Human Motion Capture from Loose and Sparse Inertial Sensors with Garment-aware Diffusion Models

IJCAI 2025
Andela Ilic, Jiaxi Jiang, Paul Streli, Xintong Liu, and Christian Holz
Department of Computer Science, ETH Zürich
Garment Inertial Poser teaser image

Figure 1: Garment Inertial Poser (GaIP) is a novel model for estimating full-body poses from sparse inertial sensors that are loosely attached to garments. While sensors that are attached to clothing rather than tightly strapped to the body is much more realistic, it is simultaneously more challenging. We first introduce diffusion models for simulating and synthesizing loose IMU signals. Leveraging this data, we propose diffusion models conditioned on IMU data alone or IMU data and clothing model parameters, enabling robust human motion estimation.

Abstract

Motion capture using sparse inertial sensors has shown great promise due to its portability and lack of occlusion issues compared to camera-based tracking. Existing approaches typically assume that IMU sensors are tightly attached to the human body. However, this assumption often does not hold in real-world scenarios. In this paper, we present Garment Inertial Poser (GaIP), a method for estimating full-body poses from sparse and loosely attached IMU sensors. We first simulate IMU recordings using an existing garment-aware human motion dataset. Our transformer-based diffusion models synthesize loose IMU data and estimate human poses from this challenging loose IMU data. We also demonstrate that incorporating garment-related parameters during training on loose IMU data effectively maintains expressiveness and enhances the ability to capture variations introduced by looser or tighter garments. Our experiments show that our diffusion methods trained on simulated and synthetic data outperform state-of-the-art inertial full-body pose estimators, both quantitatively and qualitatively, opening up a promising direction for future research on motion capture from such realistic sensor placements.

Reference

Andela Ilic, Jiaxi Jiang, Paul Streli, Xintong Liu, and Christian Holz. Human Motion Capture from Loose and Sparse Inertial Sensors with Garment-aware Diffusion Models. In International Joint Conferences on Artificial Intelligence 2025 (IJCAI).

Diffusion Framework

primary_secondary_model.png.webp

Figure 2: Our diffusion framework consists of two models: a primary model for pose estimation and a secondary model for generating loose-wear IMU data. The primary model predicts SMPL joint rotations, joint positions, and tight-wear IMU signals. The secondary model, trained on real-world data, generates loosely attached IMU signals conditioned on tightly attached IMU signals and the corresponding pose.
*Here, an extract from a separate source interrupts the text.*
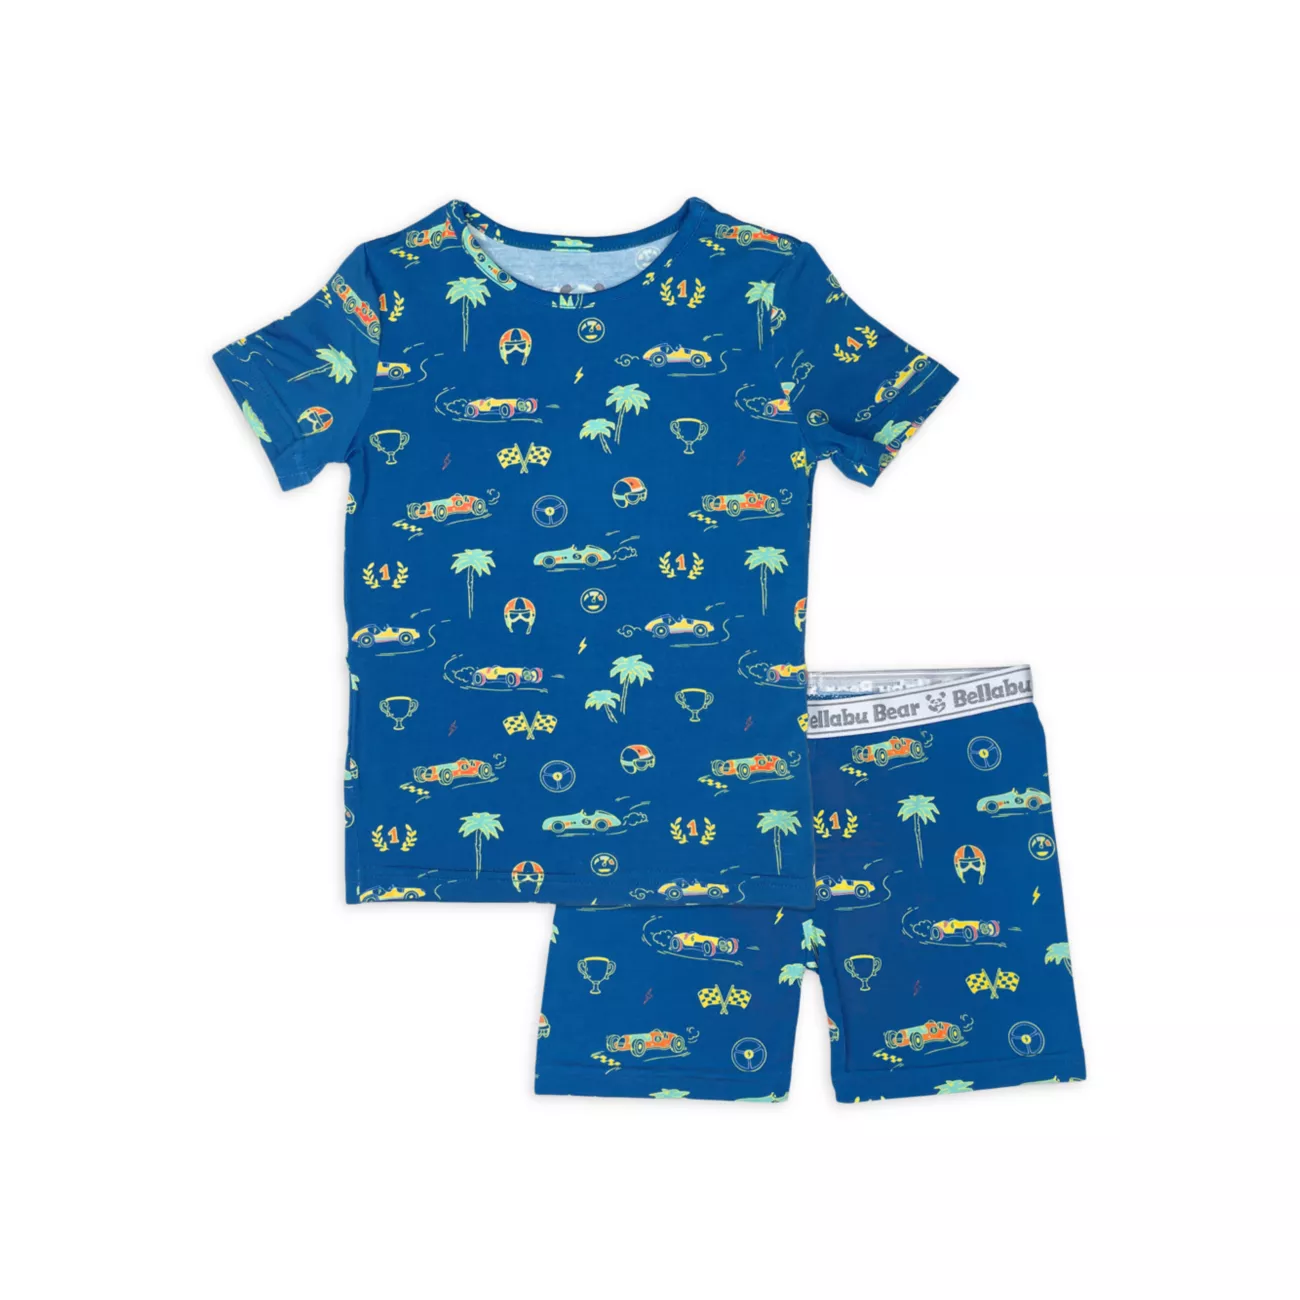 Baby Boy's, Little Boy's &amp; Комплект из двух пижамных шорт с принтом гоночных машин для мальчика Bellabu Bear

During inference, we use the secondary model to generate loose-wear IMU signals for AMASS poses, given the poses and simulated tight-wear IMU signals.

Training data

data

Figure 3: This task is challenged by data scarcity, as real-world datasets are rare, limited in size, or do not always cover the whole body, making them insufficient for effective training. To address this, we train our GaIP model using three types of datasets: simulated, synthetic, and real.

Method

pipeline

Figure 4: GaIP takes as input either loose-wear IMU recordings of acceleration and rotation alone, or these inputs can be enriched with garment-related parameters (style, height, and body mass index). Using this information, GaIP estimates the body pose, joint positions, and tightly attached IMU signals. Architecturally, we employ a transformer-based denoiser within the DDPM framework.

Results

upper_body_IMUs

Figure 5: Qualitative performance of the upper-body models conditioned on IMU data on 1) simulated AMASS dataset, 2) real-world upper-body LIP dataset, and 3) real-world whole-body dataset.

full_body_IMUs

Figure 6: Qualitative performance of the full-body models conditioned on IMU data on 1) simulated AMASS dataset, and 2) real-world whole-body dataset.

upper_body_garment_aware

Figure 7: Qualitative performance of the upper-body model conditioned on IMU data and garment-related parameters on 1) real-world upper-body LIP dataset, and 2) real-world whole-body dataset.